3. Constant, uniform magnetic field, flux is sinusoidal due to rotating loop with constant angular velocity.
4. Stationary circuit, flux increases due to increase in the magnitude of uniform magnetic field directed perpendicular to the circuit.
In all cases, emf=-(time derivative of magnetic flux)
The first two cases are related to each other by the Lorentz transformations of E and B. How are the third and fourth cases related to each other and to the first two cases?

 

[lugita15]

I just wanted to throw this out there because it is related to the problems we're having with the Flux rule. It is an "exception to the Flux rule" pointed out by Feynman in his Lectures on Physics:
Consider a copper disk rotating with constant angular velocity, as shown in the figure. A bar magnet is directed normal to the surface of the disk, as shown in the following figure:

If a galvanometer is used to measure the induced current in the outer rim of the disk, a nonzero induced current is detected. Using the Lorentz force law, this is easily explainable. Consider a small charge dq on the outer rim of the disk. At any given time, it has a nonzero velocity because of the rotation of the disk. For this reason, the bar magnet exerts a magnetic force on the charge. This makes the charge move differently than the disk itself. Some of these charge will go through the galvanometer, and thus the galvanometer will indicate the existence of a current.
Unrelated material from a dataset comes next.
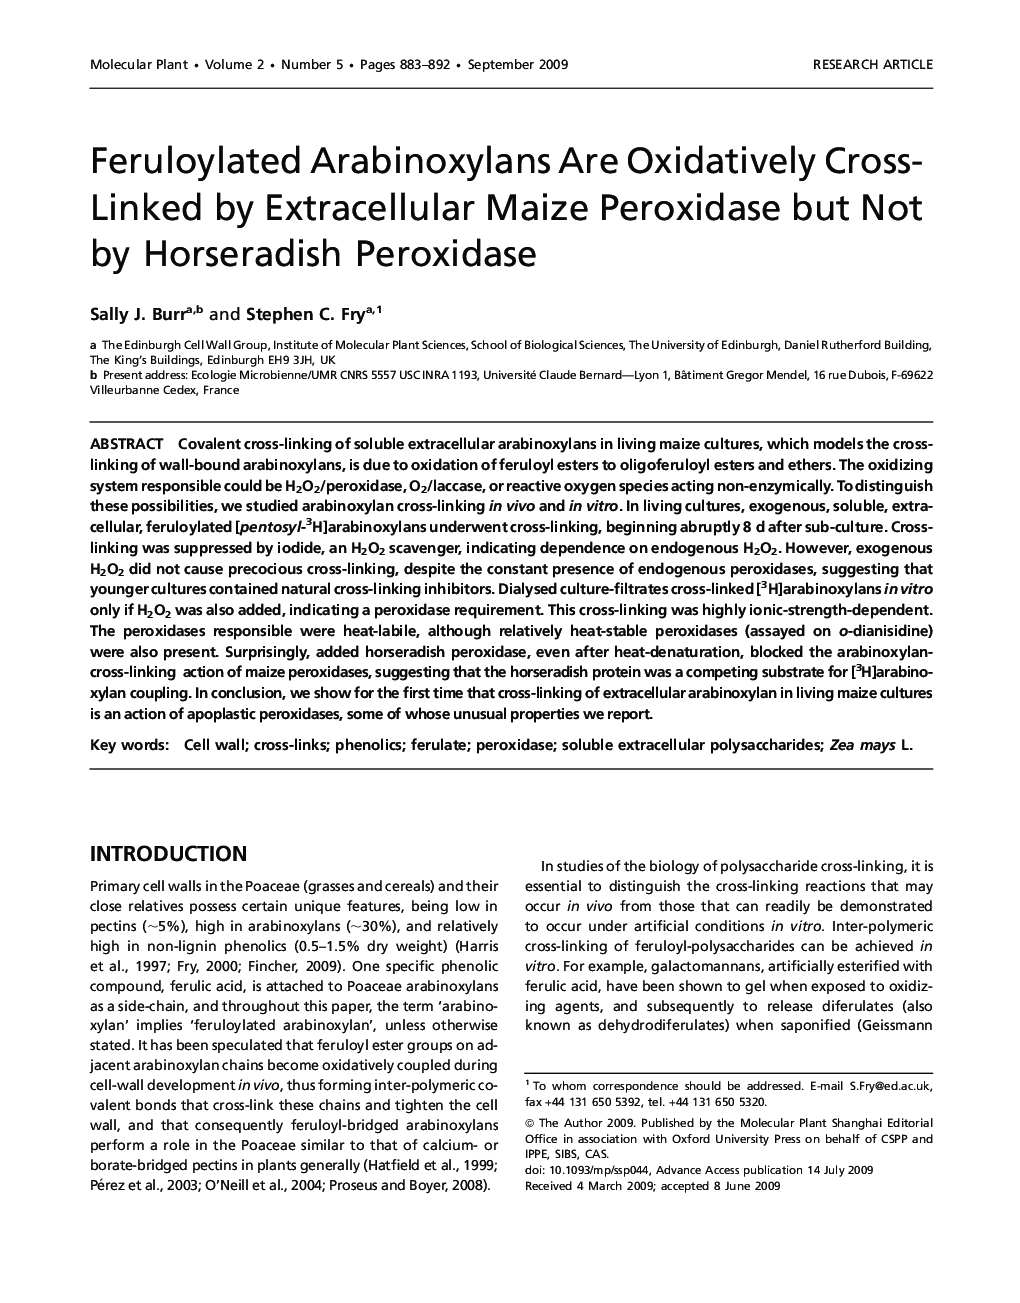 Feruloylated Arabinoxylans Are Oxidatively Cross-Linked by Extracellular Maize Peroxidase but Not by Horseradish Peroxidase

But wait a minute. Let's try applying the integral form of Faraday's Law: the emf along a closed loop is equal to the rate of change of the magnetic flux through the loop. Take the loop to be the outer rim of the copper disk. But the magnetic flux through surface of the copper disk is constant, and thus the rate of change of magnetic flux is zero. This is because both the magnetic field and the area are both constant. So we have a strange situation in which the induced emf is nonzero even though the rate of change of magnetic flux is zero.
So why doesn't the integral form work in this case? What modification of the integral form would allow us to calculate the induced emf?

 

[pardesi]

great example.
yes this proves the point. what is changing in other cases is the area.so it is good that formulaes coincided but fact remains the proof and the assumptions that go behind it should be well appreciated.

 

[Paulanddiw]

great example.
yes this proves the point. what is changing in other cases is the area.so it is good that formulaes coincided but fact remains the proof and the assumptions that go behind it should be well appreciated.
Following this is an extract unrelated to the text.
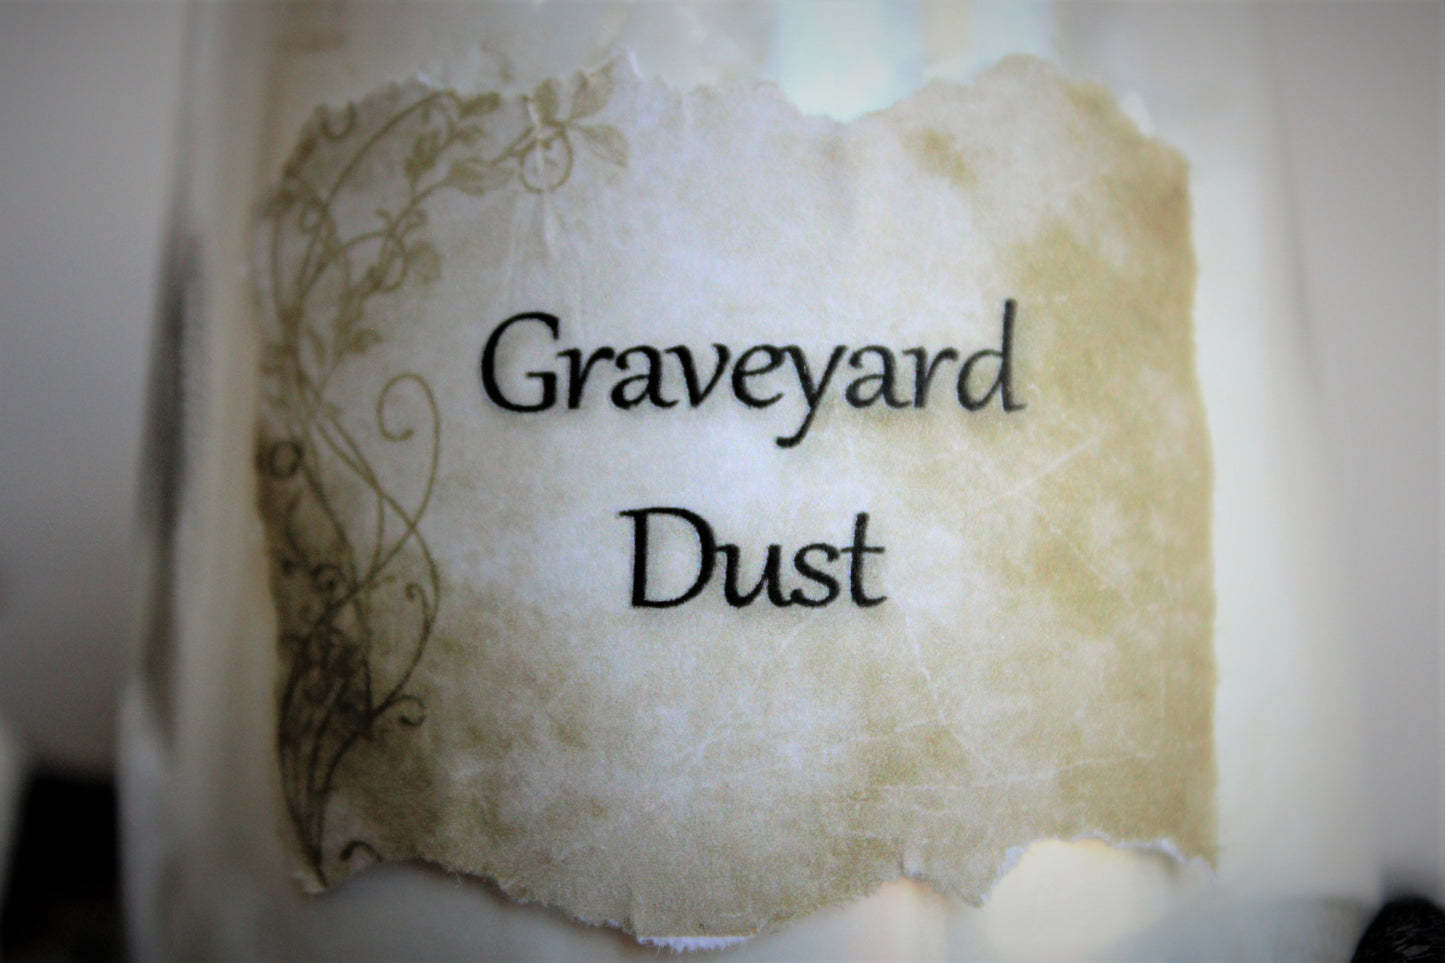 "Graveyard Dust" Scented Talc Free Body Powder in a Vintage Shaker Jar

As in your original post, this problem is solved with a loop of changing area--one side moves and the other is stationary. If you have access to R. Becker, "Electromagnetic Fields and Interactions", Vol 1, (1964) look on page 378.

 

[lugita15]

As in your original post, this problem is solved with a loop of changing area--one side moves and the other is stationary. If you have access to R. Becker, "Electromagnetic Fields and Interactions", Vol 1, (1964) look on page 378.

Yes, but what is wrong with using as the loop the outer rim of the disk? The integral form of
Faraday's law applies to any loop.

 

[lugita15]

Does anyone have any answers to the questions I asked in post #50?

 

[Paulanddiw]

Yes, but what is wrong with using as the loop the outer rim of the disk? The integral form of
Faraday's law applies to any loop.

I'm beginning to understand your questions. Some loops work, some don't. I don't remember any of the books explaining how to chose which one.

 

[lugita15]

I'm beginning to understand your questions. Some loops work, some don't. I don't remember any of the books explaining how to chose which one.
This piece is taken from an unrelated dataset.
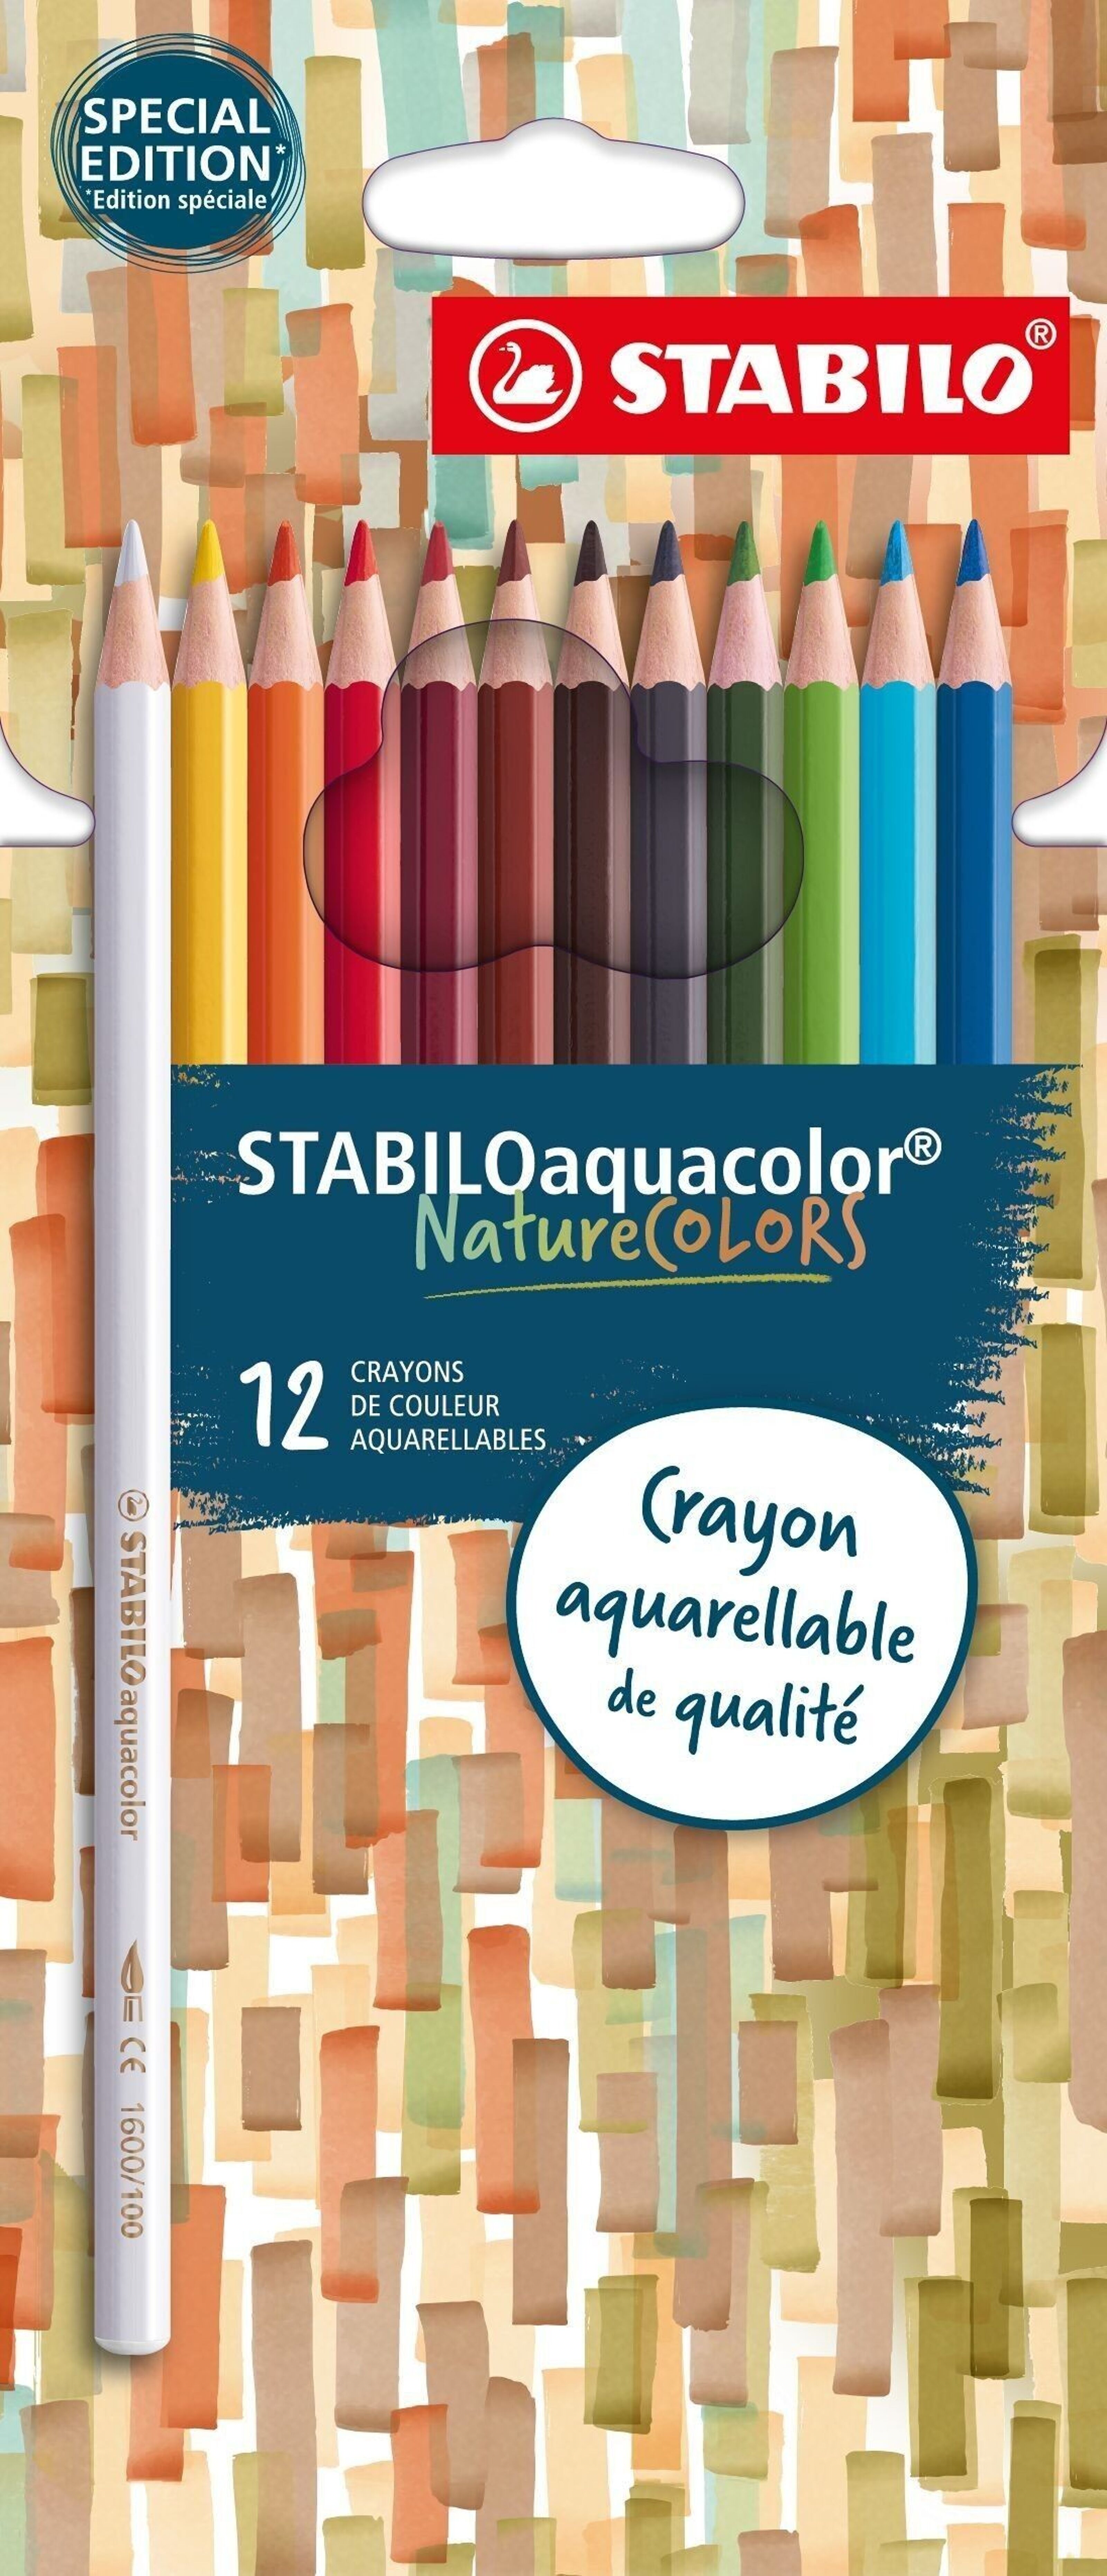 Buy wholesale Cardboard case x 12 STABILOaquacolor Nature colored pencils

Apparently, there are books explaining how to choose the loop over which the integration is done for Faraday's. I'm not sure what textbooks discuss this, but Giuliani mentions these books. The point is, however, that we shouldn't need to be restricted in our choice of loops. All loops are supposed to work.

 

[Paulanddiw]

Yeah but, some loops give different answers than others.

 

[pardesi]

but that shouldn't be the case.so hoe do u resolve it probably an example would help

 

[Paulanddiw]

My immediate, and incomplete, reaction is that if v=0 all the loops give the same answer, but, maybe not for motion.